‘3-G’ Workflow Pinpoints Shale Sweet Spots
By Ahmed Ouenes
THE WOODLANDS, TX.–Successfully drilling unconventional and tight sand wells requires identifying geologic and geomechanical sweet spots. Geomechanical sweet spots depend largely on two factors:
The interaction of regional stress with natural fractures, and two resulting key geomechanical sweet spot indicators: local horizontal differential stress, and local horizontal maximum stress direction; and
The interaction between hydraulic and natural fractures, which can be accurately modeled and validated with microseismic data and other frac stage performance indicators.
Extensively using geophysical and geologic data in geomechanical simulation (3-G workflow) enables operators to identify and validate low-differential stress zones (which allow the development of frac complexity) and reservoir strain that results from hydraulic stimulation of the naturally fractured reservoir with microseismic data and production logs. Another key output of a field-validated 3-G workflow is identifying areas where local stress rotation occurs, thereby preventing the development of transverse fracs.
Given the large capital expenditures required to develop unconventional oil and gas reservoirs, the industry has made numerous advances in reservoir modeling technology with the goal of improving production forecasts, reducing uncertainty and optimizing net present value. The common thread behind these reservoir modeling improvements has been a constant effort to honor the geology. In naturally fractured reservoirs such as shales, for example, a similar evolution of modeling improvement has been made where randomly distributed discrete natural fracture numerical modeling has been replaced by continuous fracture models that follow recognized geologic drivers controlling fracturing.

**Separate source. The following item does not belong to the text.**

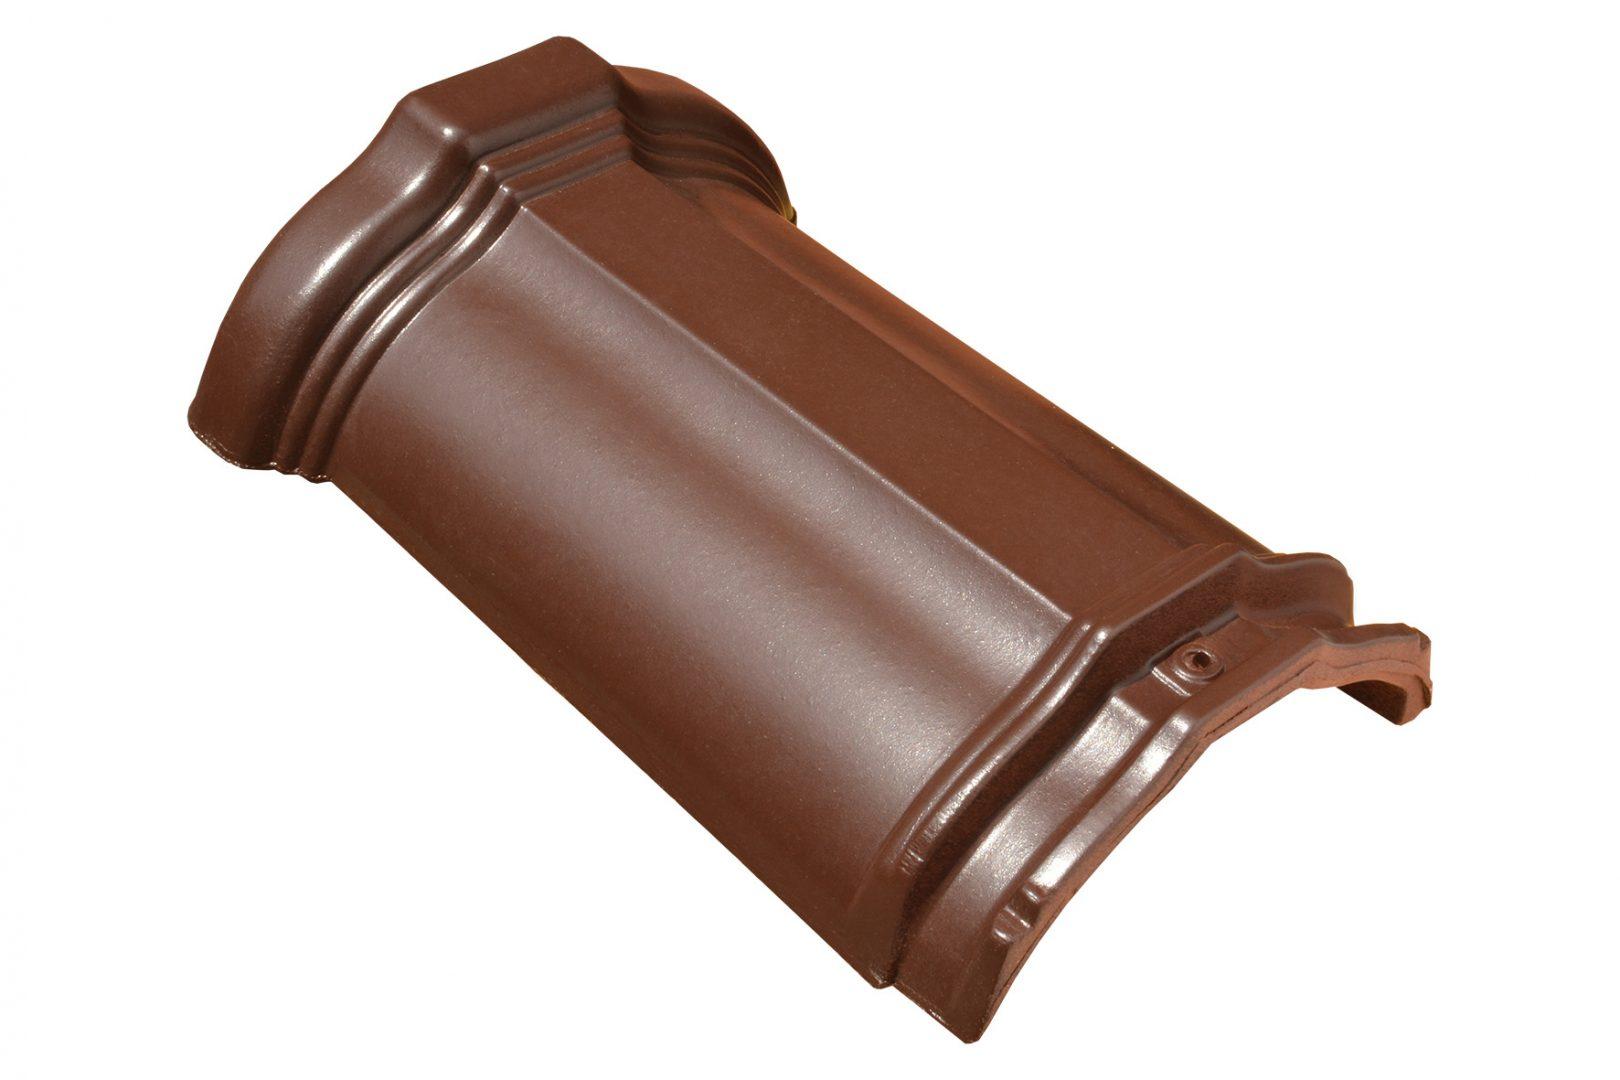 Žlebnjak Glinex Klasik - braon

Honoring the geology becomes a major challenge when dealing with scarce well data. However, that challenge can be addressed with 3-D seismic data when it is used in geologically driven modeling workflows. Having geophysical data available in a large reservoir volume can reveal the intricacies of complex geology. When combining well and seismic data in algorithms such as stochastic or geostatistical inversion, or building geostatistical or neural network reservoir models constrained by one or more relevant seismic attributes, the resulting high-resolution description of the subsurface can dramatically reduce uncertainties in production forecasts.

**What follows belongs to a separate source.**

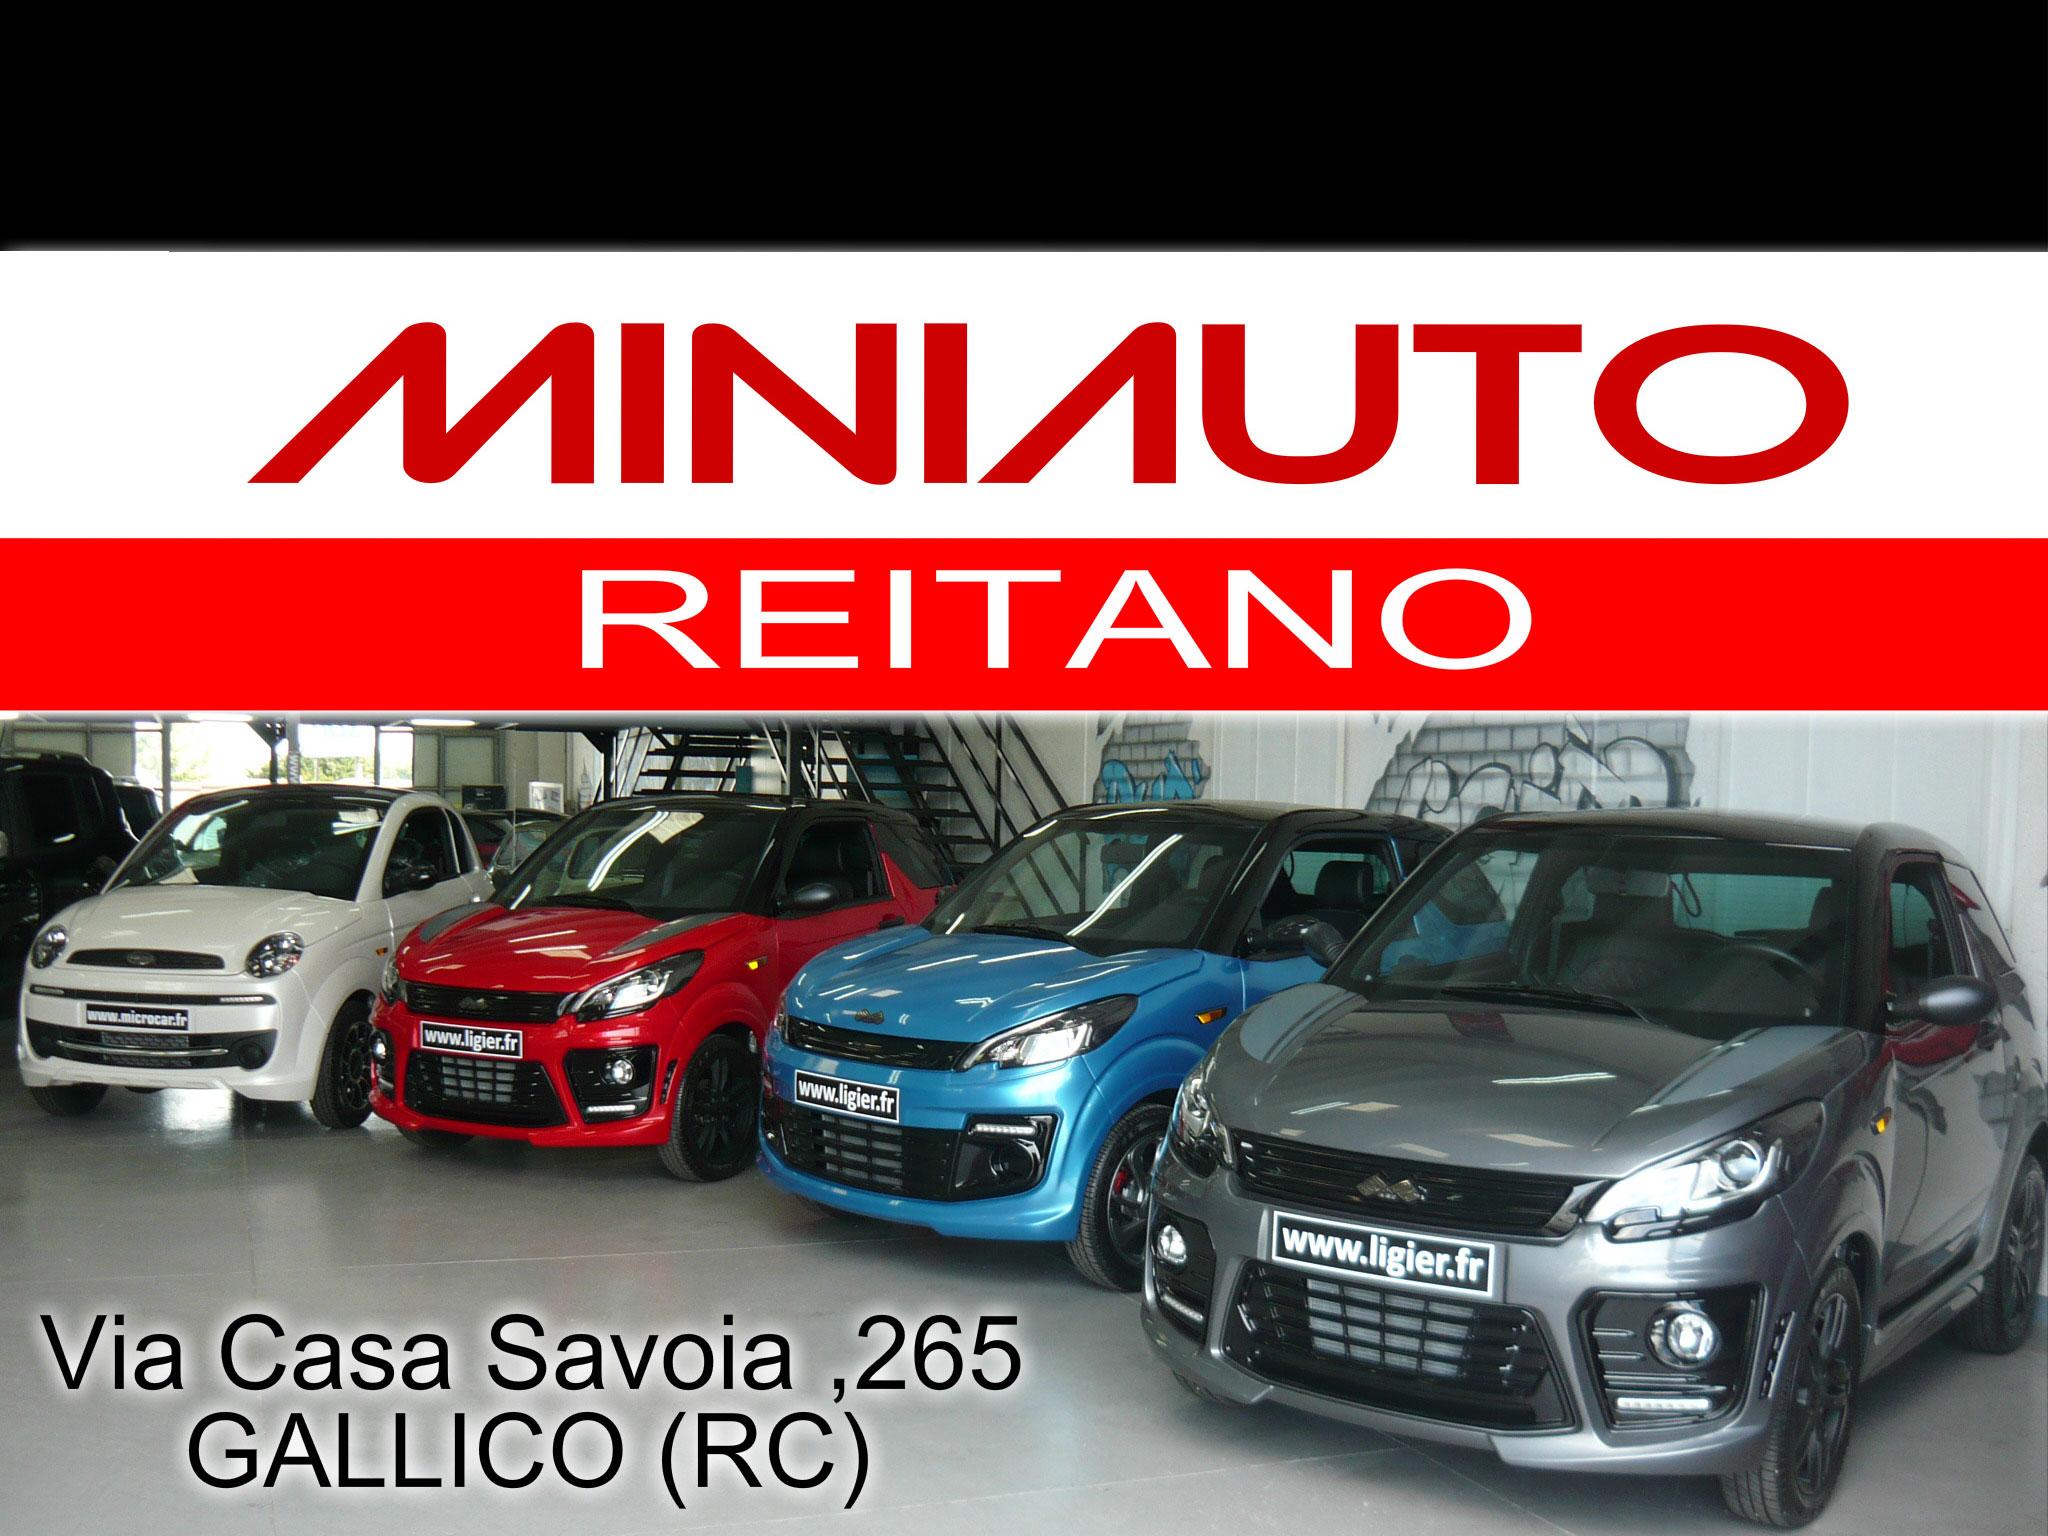 Miniauto Rivenditore Auto Nuove Usate Minicar Reggio Calabria

Building on two decades of progress integrating geology and geophysics, geomechanical modeling for completion optimization can benefit from past lessons learned, and hopefully, provide the required next generation 3-G output models that will lead to better production forecasting.
Three Major Components
The successful development of unconventional resources requires the recognition of three major components: the geologic heritage, the stress environment, and “free will” variables associated with fracturing and completion designs.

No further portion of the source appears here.